--- WHAT YOU SHOULD DO ---
Please return the full listing word for word, leaving out any pictures.

--- DATA SEGMENT ---
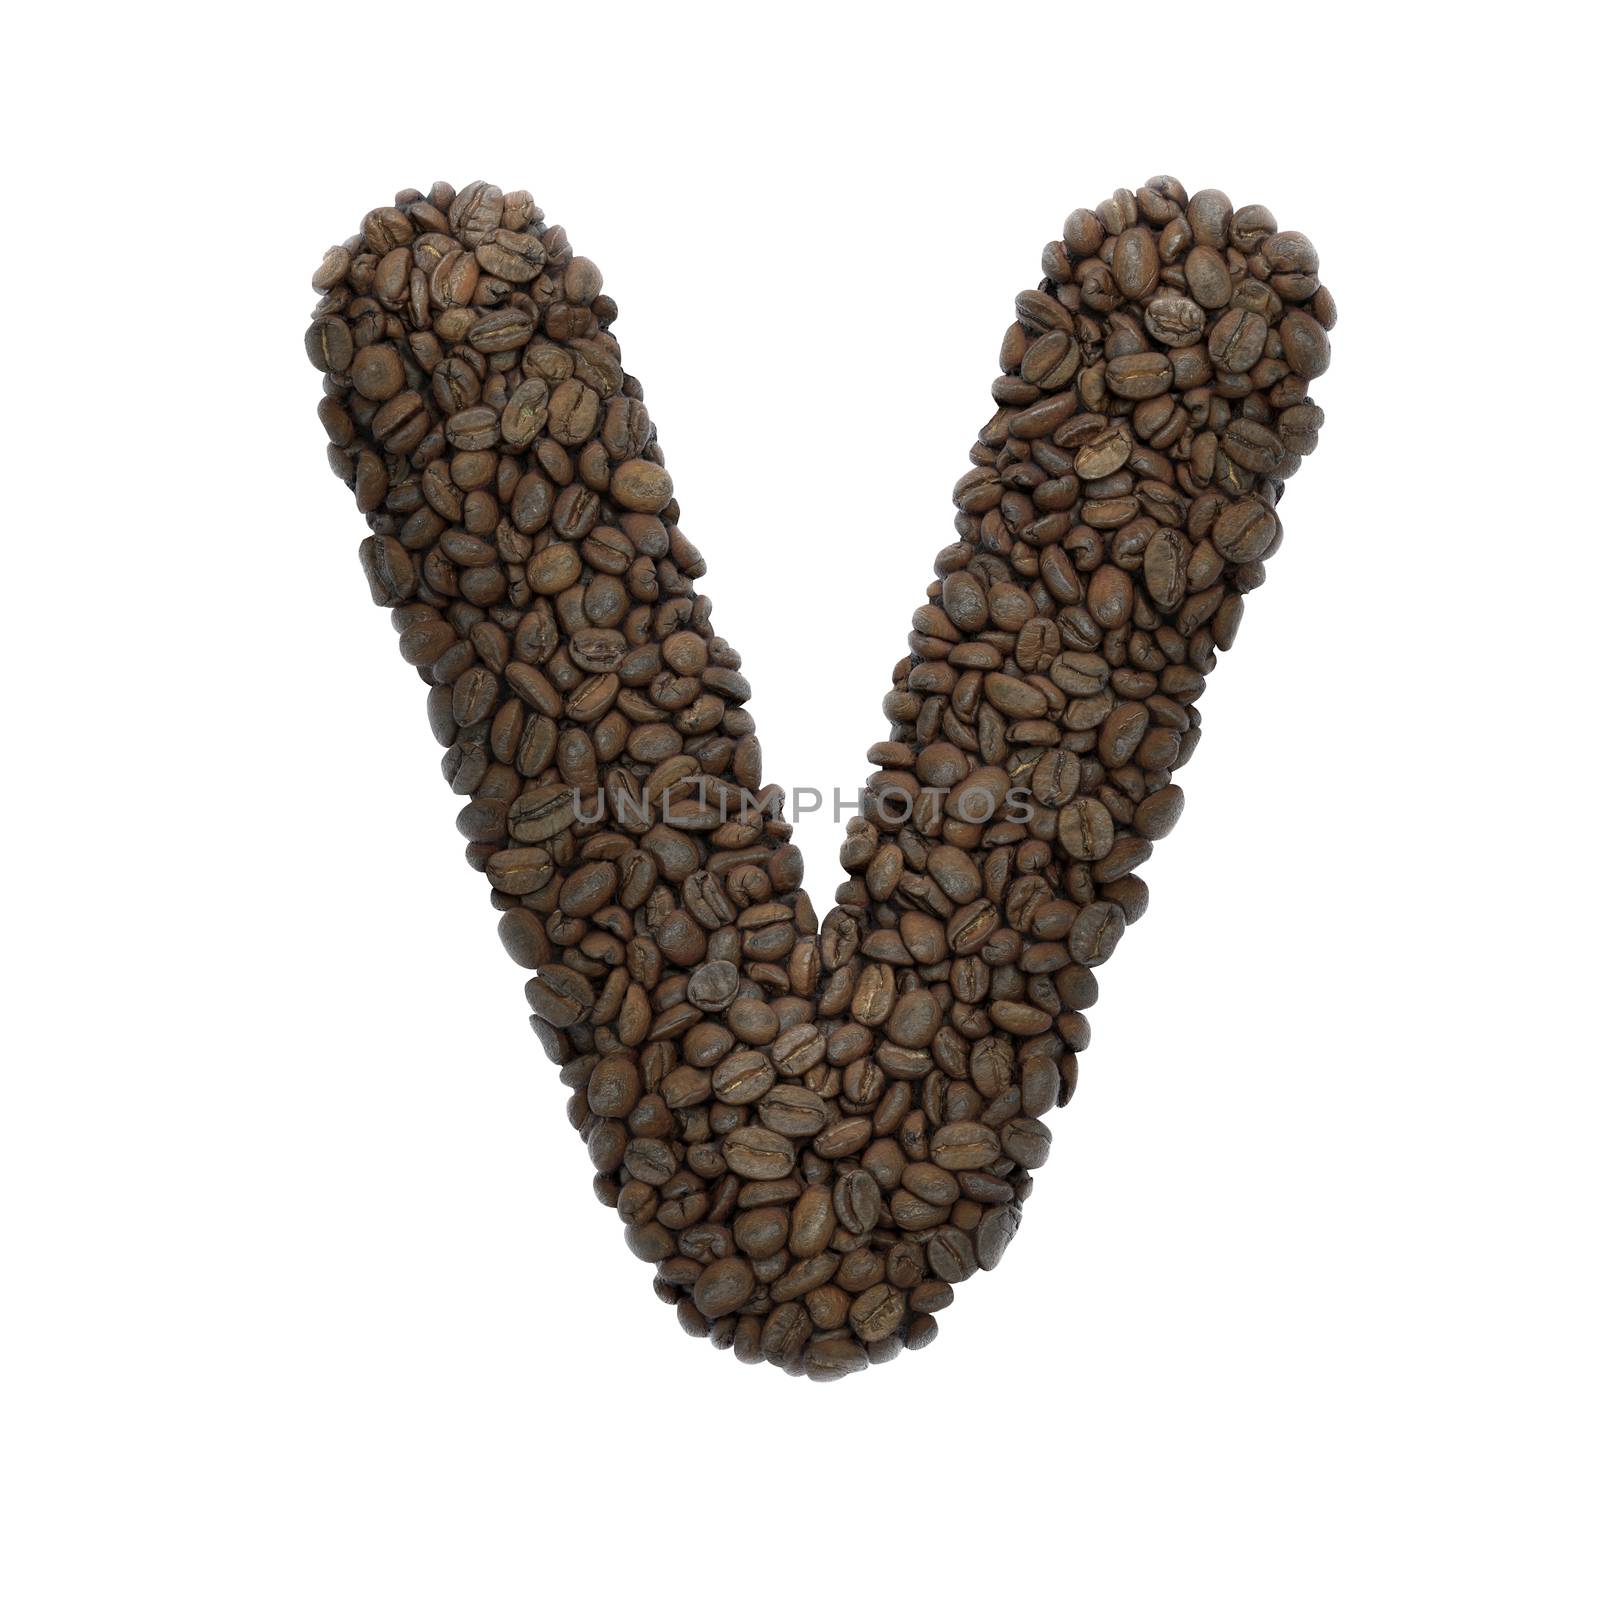 Coffee letter V - Upper-case 3d roasted beans font - suitable for Coffee, energy or insomnia related subjects by chrisroll
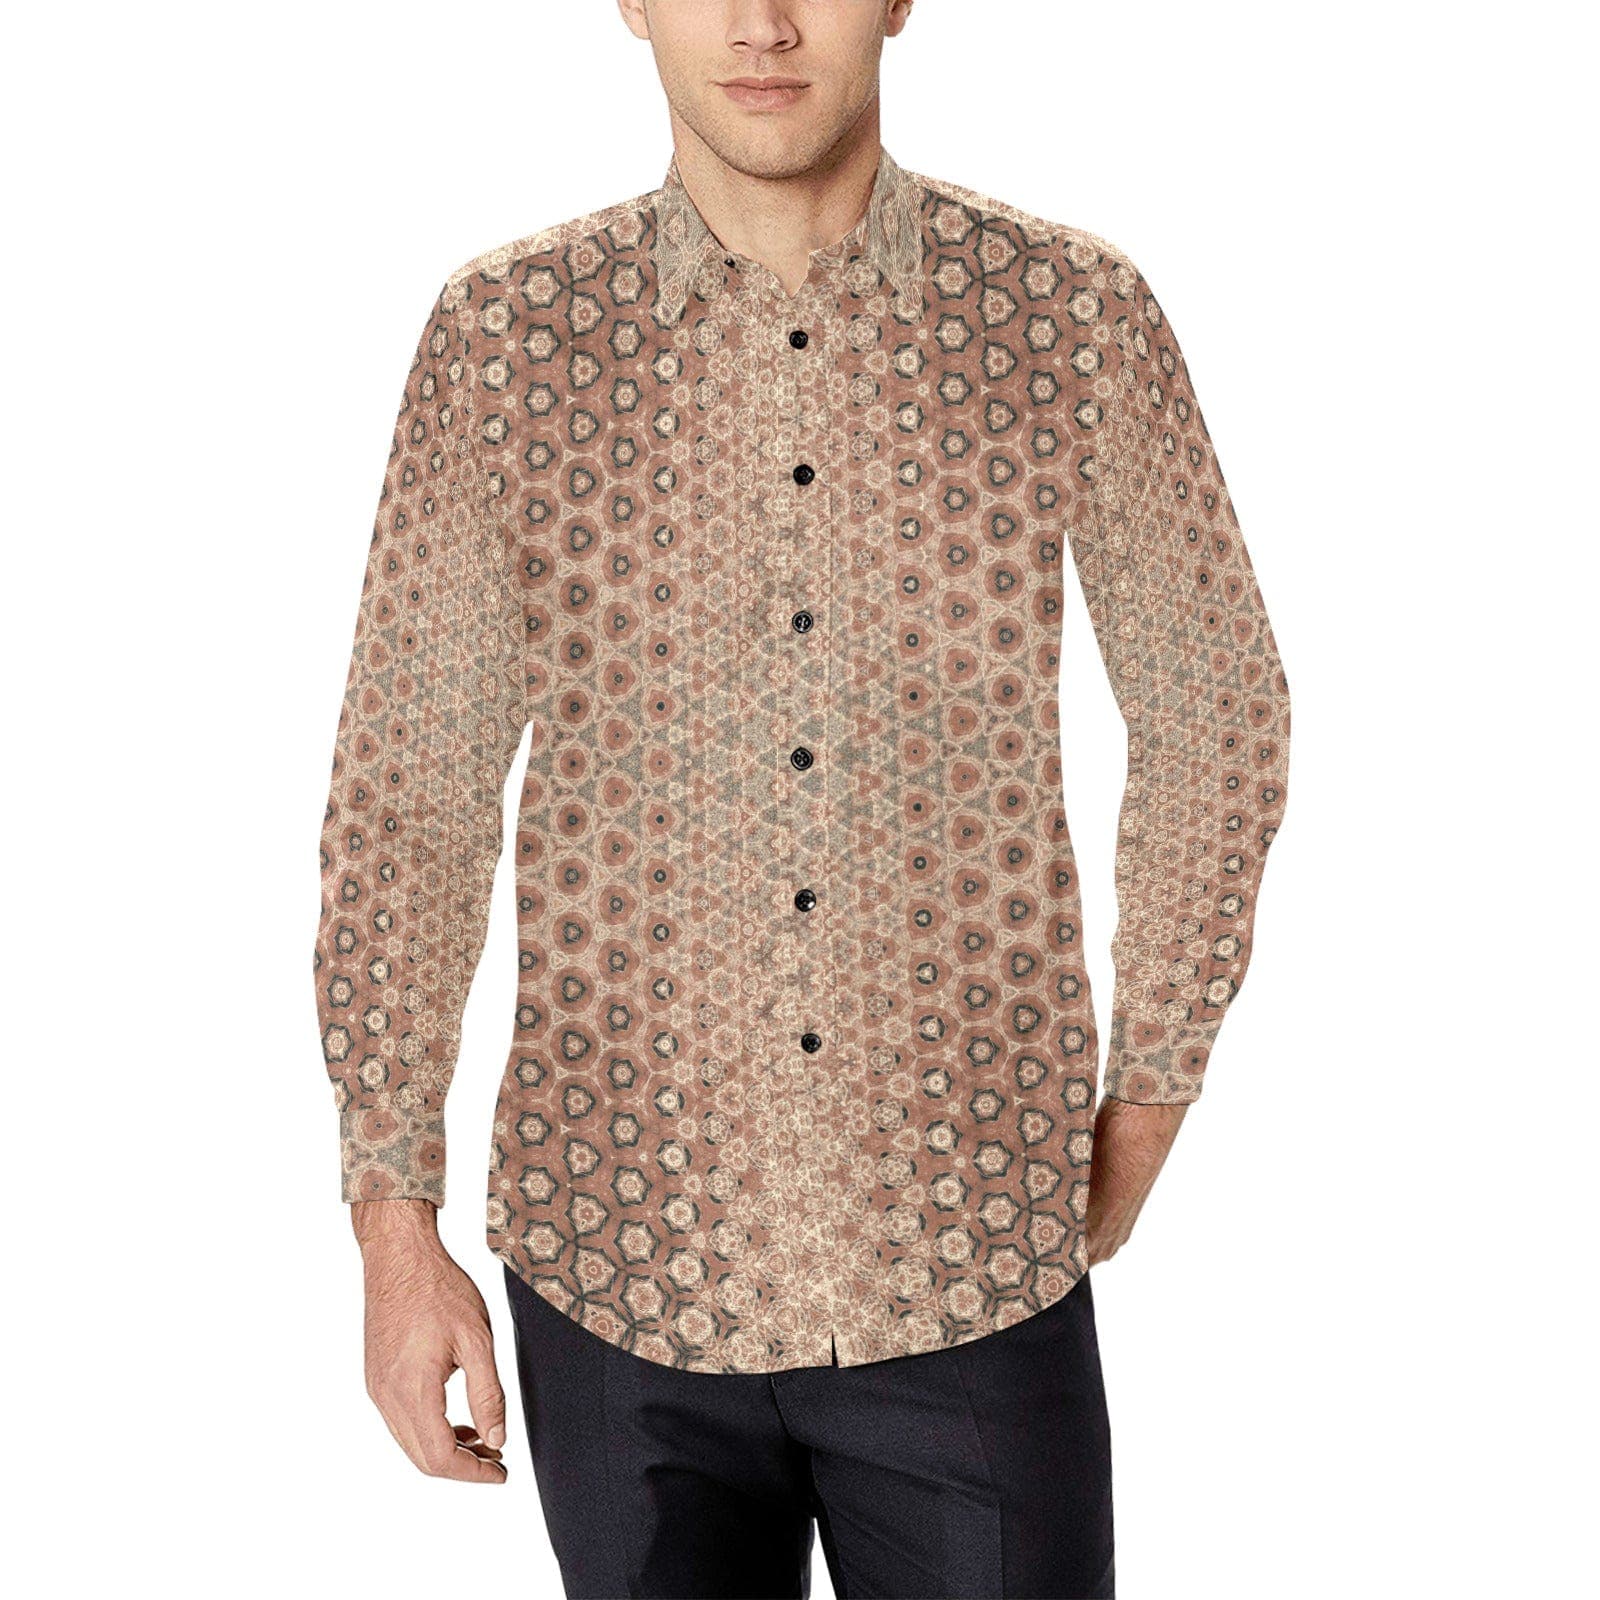 Summernight City Peach and Brown Fantasy Patterned Party Shirt for Men  Long Sleeve Shirt (Without Pocket)
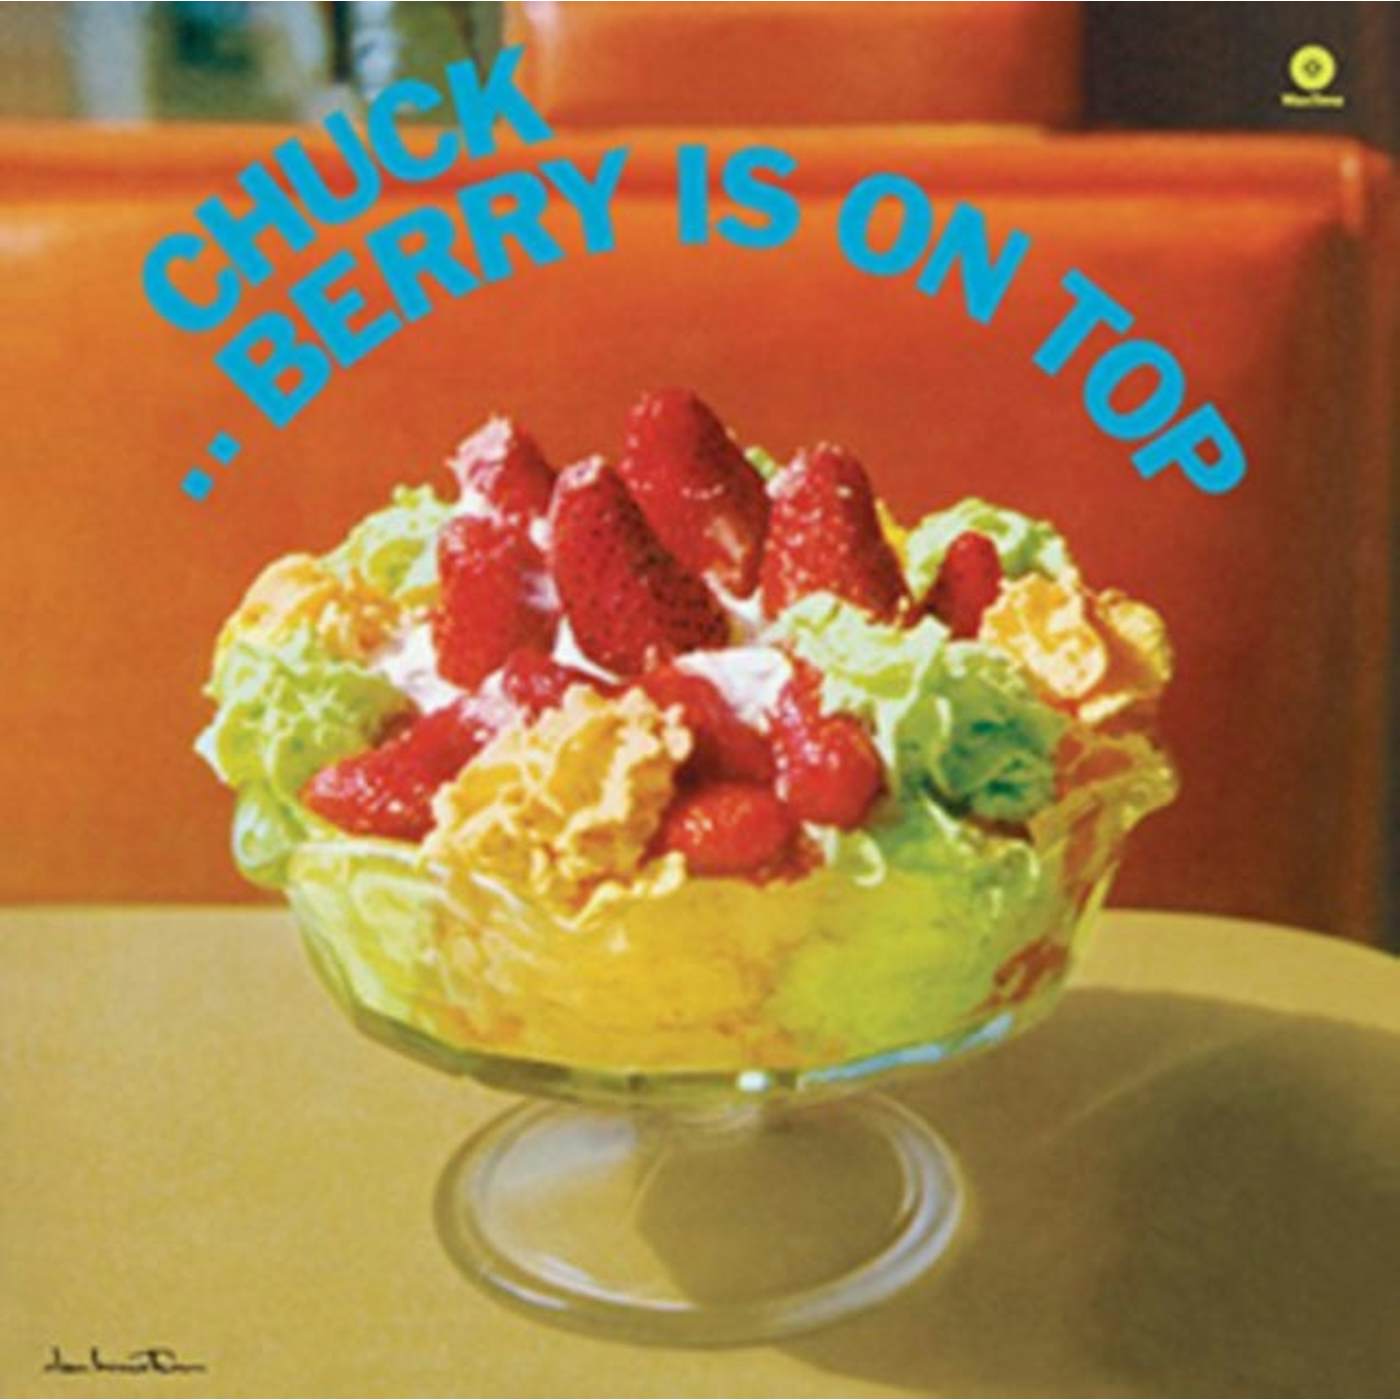 Chuck Berry LP Vinyl Record - Berry Is On Top

--- EXPECTED OUTPUT ---
 Coffee letter V - Upper-case 3d roasted beans font - suitable for Coffee, energy or insomnia related subjects by chrisroll
 Summernight City Peach and Brown Fantasy Patterned Party Shirt for Men  Long Sleeve Shirt (Without Pocket)
 Chuck Berry LP Vinyl Record - Berry Is On Top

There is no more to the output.